Thanks. I did actually have that option checked however I dont think our upstreams are importing anything greater than /32.

For now I'll stick with a nice simple ping. For those that might come across this in the future (perhaps even my future self!), here's what I've done in our Alpine Linux box -

Code:
# crontab -e
* * * * * /bin/ping 8.8.8.8 -c 1 > /dev/null 2>&1

Out of interest, are there any future proposed fixes for this within Proxmox?
 
how about only pinging the default GW ?

Bash:
* * * * * /bin/ping $(ip route | awk '/default/ {print $3}') -c 1 || echo "GW unreachable at $(date)" >> /var/log/gw_ping.log
 
how about only pinging the default GW ?

Bash:
* * * * * /bin/ping $(ip route | awk '/default/ {print $3}') -c 1 || echo "GW unreachable at $(date)" >> /var/log/gw_ping.log

Not a bad idea at all actually - it doesn't need a WAN ping does it, wasn't really thinking there! Thanks
 
Yes, this is currently an issue with silent hosts - since the type-2 routes are generated from the hosts' neighbor table, the VM needs to regularly connect outside so the neighbor table on the PVE host doesn't get lost. A workaround for this could be inserting routes statically into the neighbor table (e.g. via the VM lifecycle hooks) or regularly initiating connections from inside the guest.
I 'm not sure that hook can work with live migration, as the arp entry need to be set after source vm stop (the arp entry need to be flushed from source horst) and before the resume of the target vm.
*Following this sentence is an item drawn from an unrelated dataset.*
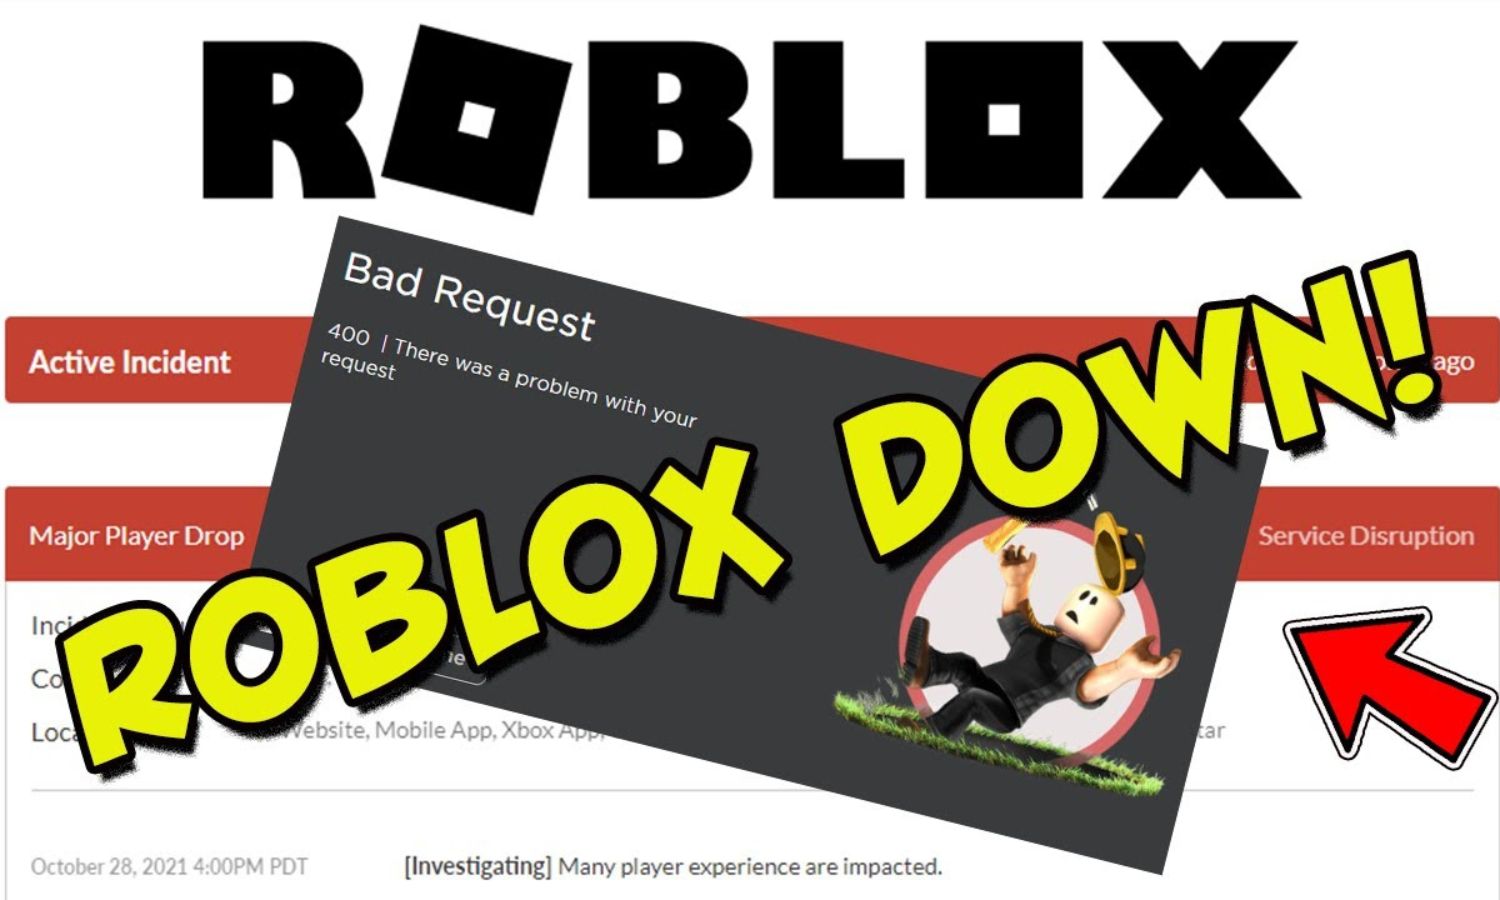 Roblox Website Status. Check if Roblox Website is down or having

This is a thing that we should implemented officially. (like we already do for mac address with 'bridge-disable-mac-learning).
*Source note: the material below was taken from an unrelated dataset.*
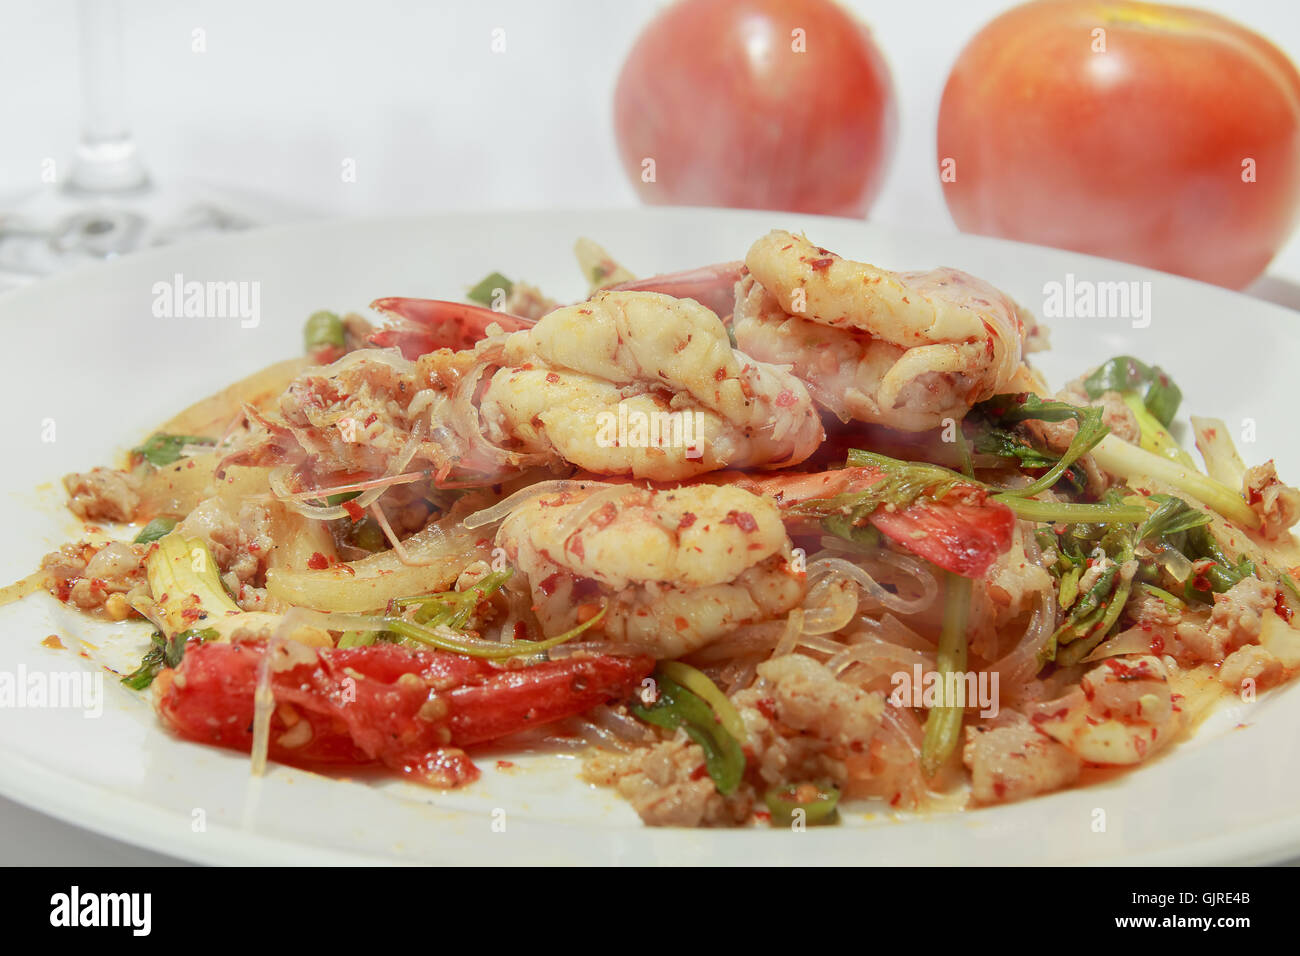 Shrimp vermicelli salad with spicy food grade selected focus. Stock Photo

Don't known what between ipam or the ipconfigX: in vm config is the best source.
 
I 'm not sure that hook can work with live migration, as the arp entry need to be set after source vm stop (the arp entry need to be flushed from source horst) and before the resume of the target vm.

This is a thing that we should implemented officially. (like we already do for mac address with 'bridge-disable-mac-learning).

Don't known what between ipam or the ipconfigX: in vm config is the best source.
I remember once reading a blog post from someone who solved it that way, but it seems to be offline atm :/ (edit: https://web.archive.org/web/2023032...posts/2022/announce-proxmox-vm-ips-via-bgp-1/ - it was for announcing /32 though)

But you're right, this is probably something that is better solved by integrating it into the stack rather than relying on custom hookscripts..
 
Last edited: